Māhirahira mai or staying curious, being interested in others and listening is good for our health as well as our effective leadership.

NZNO members and conference participants chose to “look up and look out” through our growing understanding of the Maranga Mai! campaign and what it meant for them as individuals, as whanau within their workplace, and the power we have in working collectively and in solidarity. This was tested, when conference participants learned that there was a change in the programme. It was a call for all to walk to parliament to honour the 50-year anniversary of 50th anniversary of the Māori language petition.

Some could not understand the connections with nursing but words spoken by NZNO leadership, particularly those from Kaiwhakahaere Kerri Nuku, were heard.

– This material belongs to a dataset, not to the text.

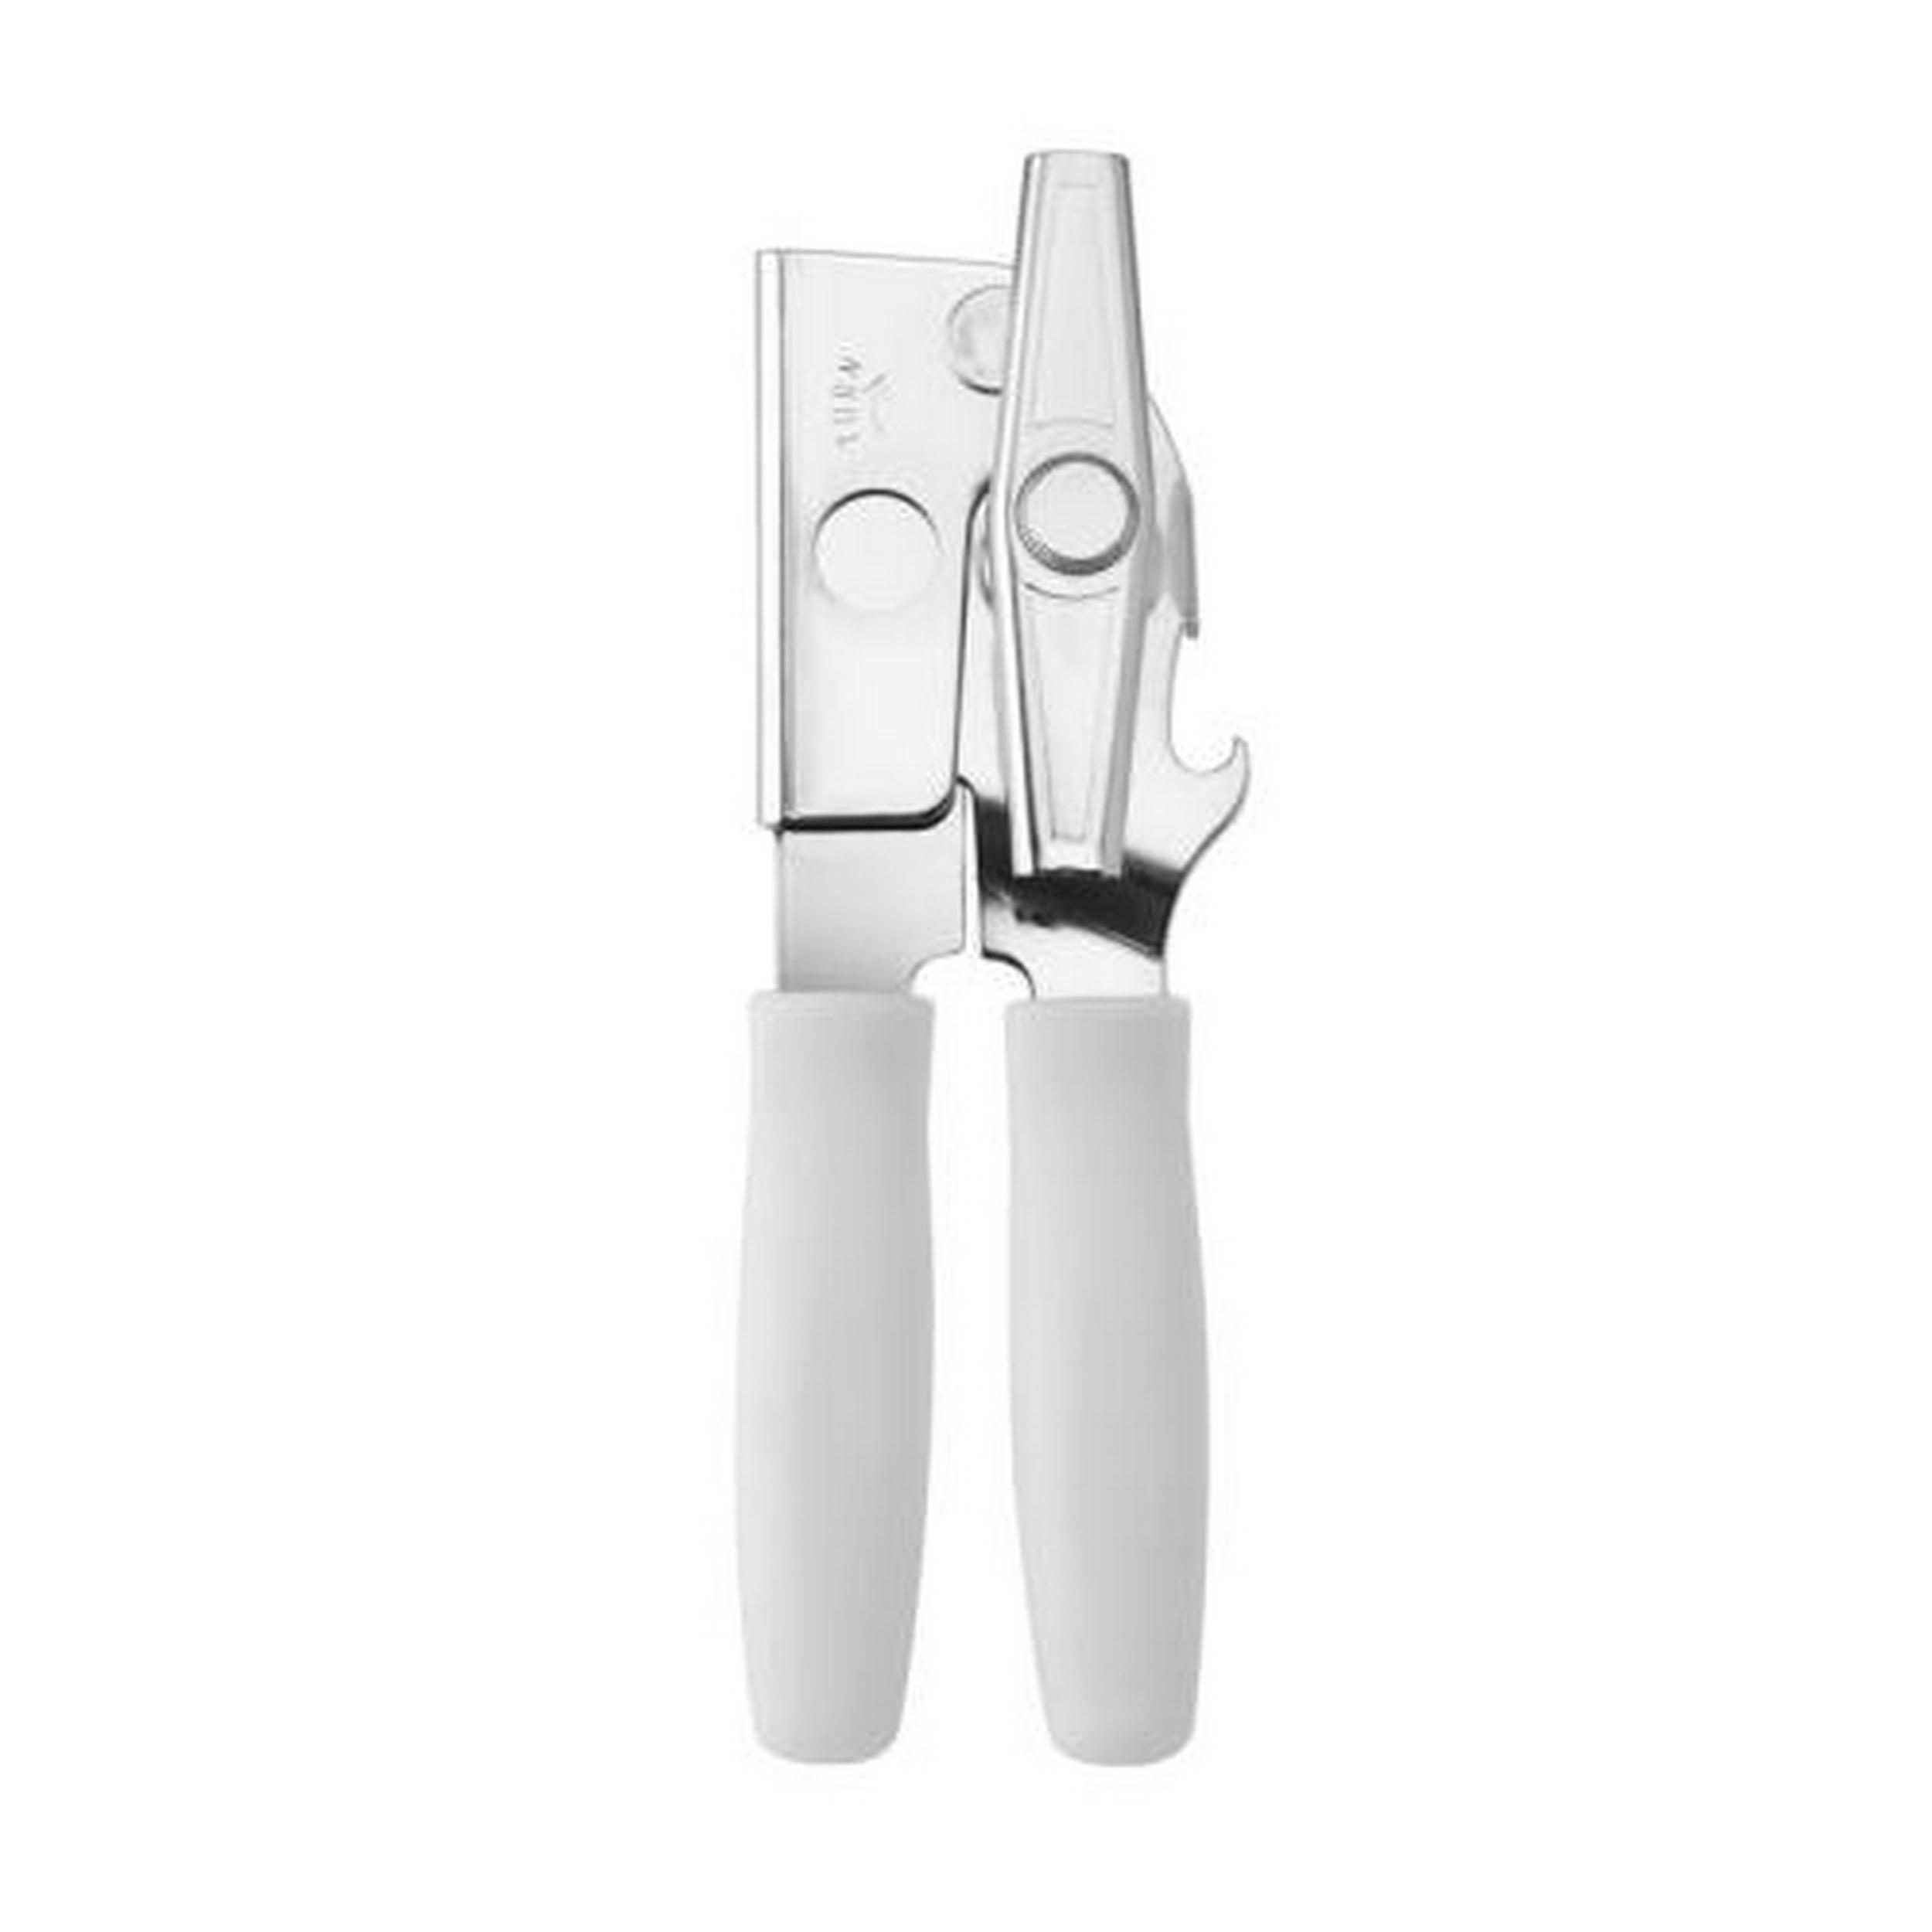 https://images.restaurantessentials.com/images/swing-a-way-407whfs-swing-a-way-hand-held-can-opener/11736-1.jpg

Kerri told us the march to Parliament was a sign of solidarity to show those champions and pioneers who organised the march that we were there to support them.

“We have an obligation and an opportunity to deconstruct the walls that have been built and oppressed us. Whatever goes forward we are there, we are part of that, and we support them.”

The words resonated with those of us who listened and we acted.

The walk to Parliament gave respect to the 50-year-old fight to bring te reo Māori back into our schools, was a powerful reminder of what collective action can do for our hearts and minds. It was an action for the right to use words in a language that is the lifeblood for Māori. It brought us together.

The march gave us hope. It prepared us for a plea for help from Rachel Thorn, Whangarei ED CNM, to support her team’s action to Rise up through Maranga Mai! nationally. It turned into a call for action by NZNO CEO Paul Goulter, myself, Kerri and the NZNO board for all members to work their contracted FTE only in the week of October 3-9, 2022.

This was a fitting use of words that gave power to NZNO delegates to Maranga Mai! to go forth and act. We are stepping up and out to become the future we want to be.

Maranga Mai!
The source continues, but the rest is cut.